Segment Open

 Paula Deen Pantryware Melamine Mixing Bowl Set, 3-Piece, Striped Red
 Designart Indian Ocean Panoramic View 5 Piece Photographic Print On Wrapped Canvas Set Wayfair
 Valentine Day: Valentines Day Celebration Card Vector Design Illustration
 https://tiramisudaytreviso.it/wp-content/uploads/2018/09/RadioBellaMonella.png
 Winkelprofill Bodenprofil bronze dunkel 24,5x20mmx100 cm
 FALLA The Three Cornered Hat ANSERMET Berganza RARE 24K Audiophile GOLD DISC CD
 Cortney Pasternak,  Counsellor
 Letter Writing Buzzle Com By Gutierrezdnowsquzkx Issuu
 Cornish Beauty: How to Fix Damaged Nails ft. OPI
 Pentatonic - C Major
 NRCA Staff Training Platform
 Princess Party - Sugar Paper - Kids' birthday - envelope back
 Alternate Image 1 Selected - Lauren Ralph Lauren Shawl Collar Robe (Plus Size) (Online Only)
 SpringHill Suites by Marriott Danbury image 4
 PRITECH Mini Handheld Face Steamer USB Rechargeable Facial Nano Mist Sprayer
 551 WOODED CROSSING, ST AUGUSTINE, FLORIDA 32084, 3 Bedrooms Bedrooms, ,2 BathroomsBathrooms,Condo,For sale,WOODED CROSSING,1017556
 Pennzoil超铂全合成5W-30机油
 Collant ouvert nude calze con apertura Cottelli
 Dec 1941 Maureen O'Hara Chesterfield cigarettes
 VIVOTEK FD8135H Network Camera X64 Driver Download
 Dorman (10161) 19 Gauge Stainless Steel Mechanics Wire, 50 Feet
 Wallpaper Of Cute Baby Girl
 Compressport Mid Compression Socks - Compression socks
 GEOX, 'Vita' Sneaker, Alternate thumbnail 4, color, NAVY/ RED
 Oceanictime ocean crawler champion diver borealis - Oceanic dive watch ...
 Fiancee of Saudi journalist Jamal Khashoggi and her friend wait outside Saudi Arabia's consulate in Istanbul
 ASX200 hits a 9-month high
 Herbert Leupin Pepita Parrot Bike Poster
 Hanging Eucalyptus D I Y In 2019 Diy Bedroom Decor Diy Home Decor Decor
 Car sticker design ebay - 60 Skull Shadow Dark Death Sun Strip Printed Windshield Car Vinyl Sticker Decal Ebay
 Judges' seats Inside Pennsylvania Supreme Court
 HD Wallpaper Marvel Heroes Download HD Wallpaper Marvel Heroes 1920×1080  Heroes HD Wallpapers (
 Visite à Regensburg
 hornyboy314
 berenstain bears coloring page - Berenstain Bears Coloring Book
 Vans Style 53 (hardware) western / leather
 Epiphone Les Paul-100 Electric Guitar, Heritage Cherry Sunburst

Segment Closed

WHAT IS EXPECTED: Which lines of the records contain "Alternate"? Show each of them.

RESPONSE TO THIS TASK:
 Alternate Image 1 Selected - Lauren Ralph Lauren Shawl Collar Robe (Plus Size) (Online Only)
 GEOX, 'Vita' Sneaker, Alternate thumbnail 4, color, NAVY/ RED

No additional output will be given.